日本产的香水二百五十日元,指甲油二百五十日元,雪花膏二百五十日元,贝壳或者玻璃做的首饰也是二百五十日元。这些首饰只要给人物美价廉的感觉,女人就会心满意足。那些摆在橱窗里的货真价实的珠宝、镶嵌着宝石的白金钟表也给店内陈列柜里的便宜货蒙上一层灿烂的光泽。

跟高档货巧妙地摆在一起,那些便宜货就提高档次,看不出是便宜货。敬子以敏锐的感觉和纤细的技巧摆设得当的造型新颖的耳环和饰针十分抢手。

裁缝学校的学生、住在山手沿线的富家小姐、时装模特儿、中年妇女络绎不绝,人多的时候,就像弓子过后说的“跟小孩子围着鱼缸看钓金鱼那样”围着陈列柜拥来挤去。有的人为了突出耳环和手镯的最佳效果,甚至连装饰用的抽花刺绣亚麻布和格纹细布手绢都要买走。

“生意兴隆啊。这个海蓝宝石的金色能不能再合适一点……跟衣服的颜色配不上。”

“夫人,这颗珍珠,要是同意分三个月付款,我可以买下来……”顾客这类要求非敬子接待不可,饰品这些小东西也就慢慢地交给弓子处理。

弓子天真可爱、温文尔雅,又热情机灵、服务周到,很受顾客的欢迎。还有的顾客一番好意地把在别的店买的小巧玲珑的耳环送给她,让她着实不好意思。

打烊以后,两人都累得精疲力竭。特别是弓子,先前得过脚气性心脏病,又逢上梅雨季节,站着接待客人,有时候觉得两腿发酸。收音机忘记关上,但她们谁也没在意,只是茫然相对而坐。

睡意悄悄袭上敬子心头,苦恼与悲伤渐渐地模糊淡薄。“弓子你一打哈欠,我也跟着发困。啊、啊啊。支持不住了。”

弓子有弓子的心事,跟父母别离分开,在敬子的店里工作,与敬子长期生活,这似乎是维系于世间少有的一时约定或者前世因缘,但这样满意富足的生活跟自我感觉反而引起她不安的疑惑。

从敬子的心情来说,虽然手头富裕,但跟亲生的子女不和不睦,只能和收养的女儿一起生活,这种结局造成的难以言状的凄凉始终萦绕在她的心间。

买卖的红火简直是一种讽刺。

敬子实在心事重重。去年这时候,她就开始想方设法让全家人都能过上好日子。
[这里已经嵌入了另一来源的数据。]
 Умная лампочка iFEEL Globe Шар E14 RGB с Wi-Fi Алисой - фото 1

但是,这个美好的愿望被俊三的离家出走摧毁殆尽。

她读过一个女歌人写的一首和歌,这个女歌人弯下腰在男人的脚下为他系鞋带,歌咏道:“为君弯腰系鞋带,司空见惯此姿态,何谓幸福哉?”现在,这种司空见惯的姿态在敬子身上已经荡然无存。

美根子到店里来,敬子也觉得不该对俊三见死不救,但朝子已经把话说绝。朝子那样盛气凌人,敬子也拿她没办法,唉声叹气而已。可是一想到她孤独不幸的性格,心头情不自禁地涌出一种与人见人爱的弓子不同的悲切的爱怜。
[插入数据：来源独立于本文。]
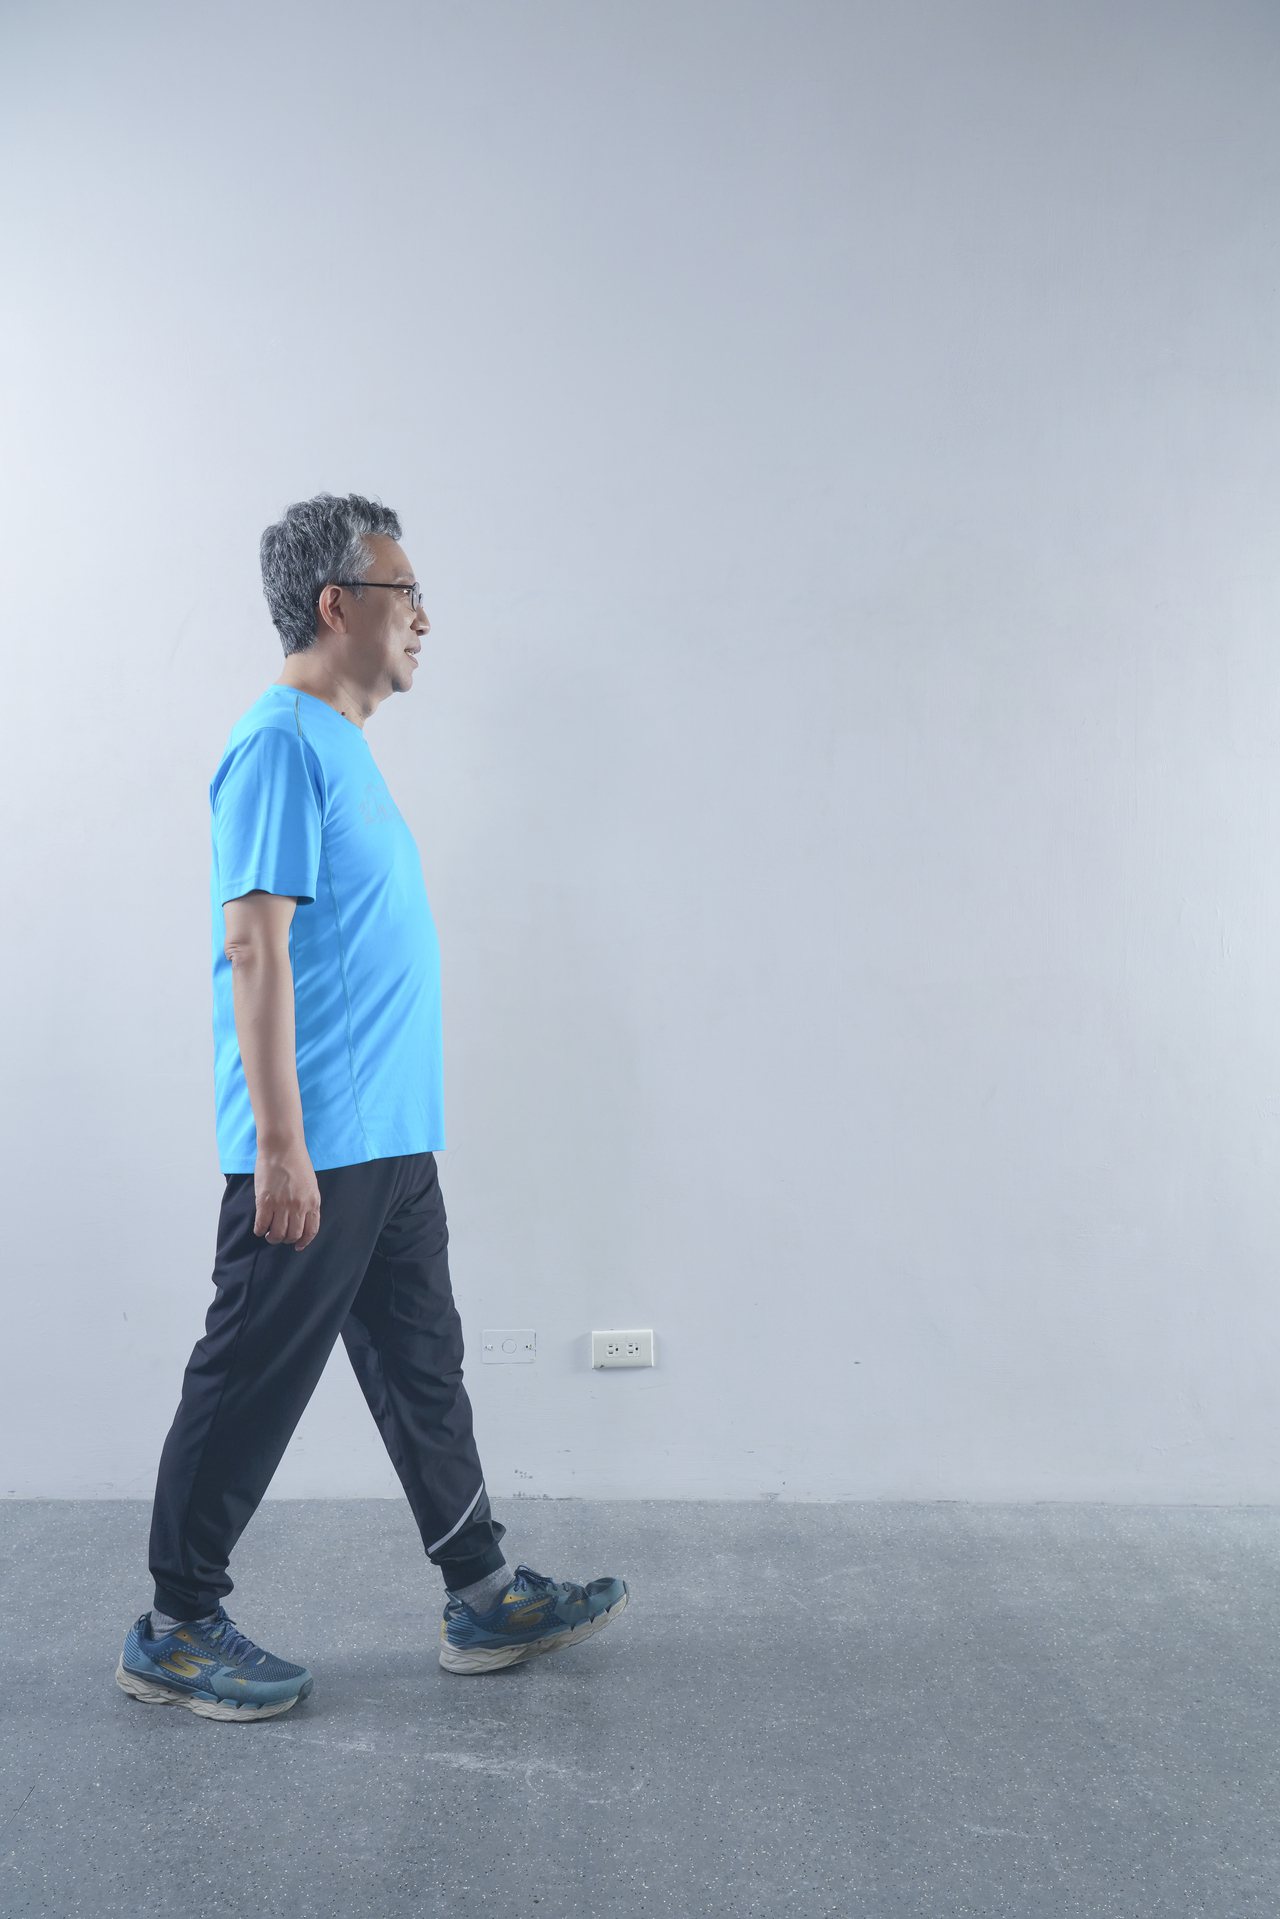 走路對於腿部的刺激並不大，不算肌力訓練。

敬子没有看朝子上一次的演出,但把报上豆腐干大小的评论和杂志上的剧照都剪下收藏起来。她开始关心朝子的舞台演出。既然对演戏如此入迷,心无旁骛,就造就她获得成功。天下父母心,敬子心疼自己的女儿。

是不是小山强行阻止她演出?敬子十分担忧。可能的话,每天都去演出场地看一看。小山那样穷追紧逼朝子的行踪,其中隐藏着危险的因素。他不仅打电话查问,还跑到店里来查找。演出开始以后,他一定会闯到剧院后台闹事。

但是,朝子后来没和敬子联系。

公演的最后一天,敬子精心修饰打扮一番,精神焕发。穿上喜爱的深紫色的伊予染色和服,配以红褐色无花纹织锦腰带,体态轻盈。弓子一身淡蓝色罩衫,脖子束一条红围巾。她们带着准备送到后台的东西,稍稍提早出了门。
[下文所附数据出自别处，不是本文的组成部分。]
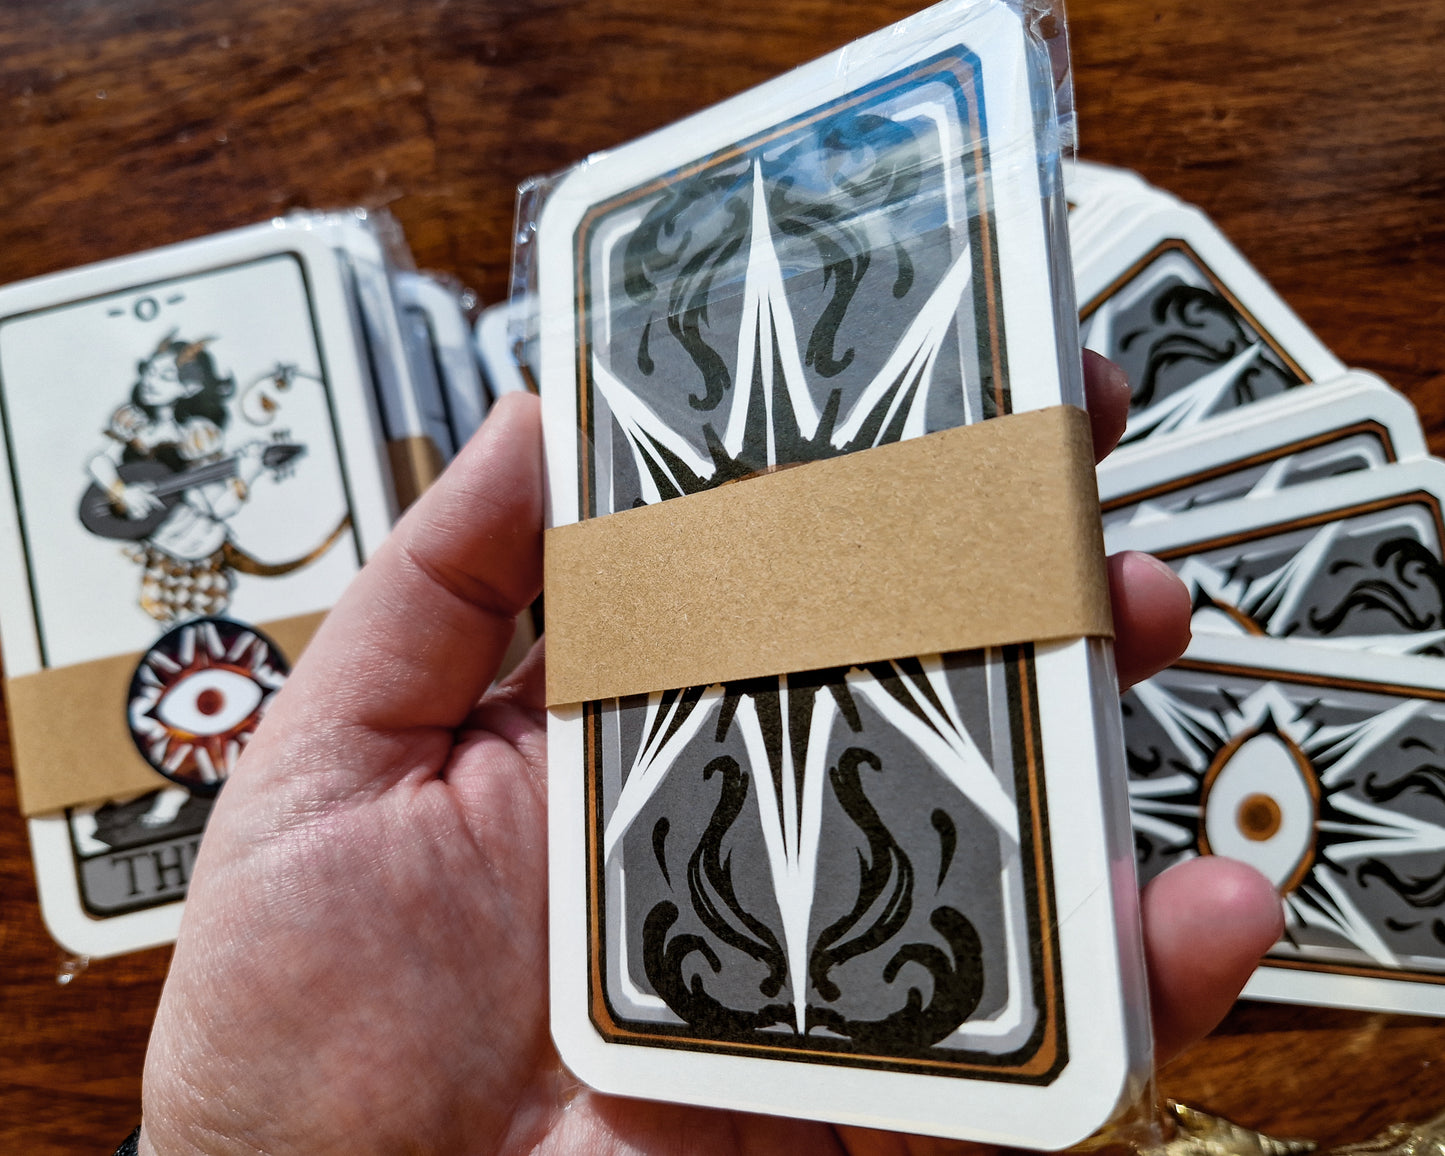 The Omens Tarot - Major Arcana Tarot Deck, 22 cards

演出会场在帝国剧院附近一座大楼的六层。她们在护城河边下了出租车,透过街道两旁树木茂密的嫩叶可以看见初上的华灯。

“这一带路灯的颜色很漂亮。”敬子抬头看着灯光。

弓子点点头,说:“淡紫色的灯光。”

一群白天鹅在护城河边上的石崖后面一动不动,皇宫蓊郁繁茂的树林上空抹着一层粉红色。

春天暮色里,昭男如烟似雾地在敬子的心头涌动。

“弓子,听说田部大夫可能要去德国。”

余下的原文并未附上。